I would like to point out that I am recording the lowest points in my journal because I don’t want to gloss over them later and pretend they didn’t happen. Mostly we are getting along very well. Mostly we are having fun wonderful days full of playing and laughing. We are getting along pretty well.
And then the stress gets to me and I lose some piece of my control. I don’t want to deny later that the worst parts happened so I’ll write them down. I feel comfortable coming back later and filling in the gaps on the good parts. (Yes, this experience will probably turn into a book.)
I’m scared of not being honest about the worst of the worst. I don’t want to ever be in denial about that.
The kids and I had another intense conversation about boundaries, limits, abuse, and standing up for themselves. We talked about how it is better to hurt my feelings now by telling me to BACK OFF rather than hurt my feelings later when you have to stop having a relationship with me because I have a pattern of hurting you. I’d rather not hurt you. Sometimes I am a giant asshole and I will hurt you. I require feedback. I’m sorry that I do. I do.
This trip has been a wonderful experience and I’m so glad we did this. I will remember this forever as a positive time when we learned how to depend on one another to get stuff done. We take our sense of home with us. We haven’t gotten really impatient and pissy to go home till this last month. That’s pretty incredible. And the kids have never gotten mad and told me they are angry we came on the trip. They might get halfway through a similar sentence and I say, “Oh really. You are sorry we did ____ and ______ and _____ and” then they say, “Ok I’m glad we came. This has been incredible.”
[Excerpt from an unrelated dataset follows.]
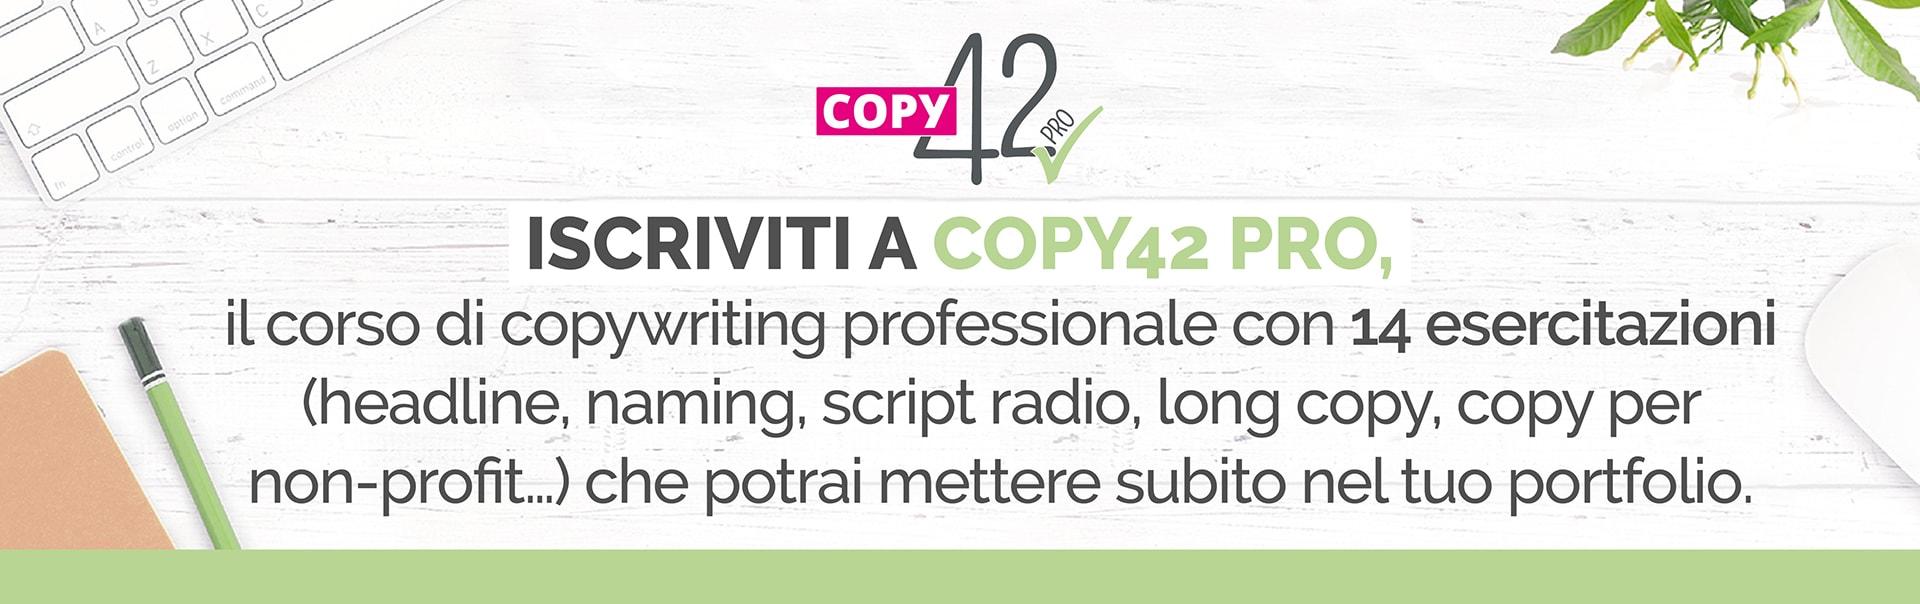 Copy42 i corsi per copywriter

I don’t want to bully them. I don’t want to “get away” with doing it because I’m not being watched. So I watch myself.
It’s the only way I know to try and be better.
Eldest Child had a fascinating question the other day about why is it hard to deal with a lot of these parenting issues. We had a conversation about how we are at a fascinating place in history where parenting ideals are radically changing and adapting is hard. There are always hard crunch points as populations change and grow. We talked about the evolution of beliefs from “You must hit your children to prove you love them” to “You must not hit your children to prove you love them” and why that is hard in terms of managing bodily impulses and frustration.
God I love talking to this kid. She blows my mind every day.
Youngest Child continues to alternate between being a ray of sunshine and having excessive temper. Goodness the intensity of that kid.
I’m told that as often as possible I should just be using “kid” as gender instead of boy or girl. It’s kind of clunky in language. But I’m trying.
I’m trying every day. Only 15 days till we go home. I won’t start frequent blogging right away. I seriously need to let my arms heal.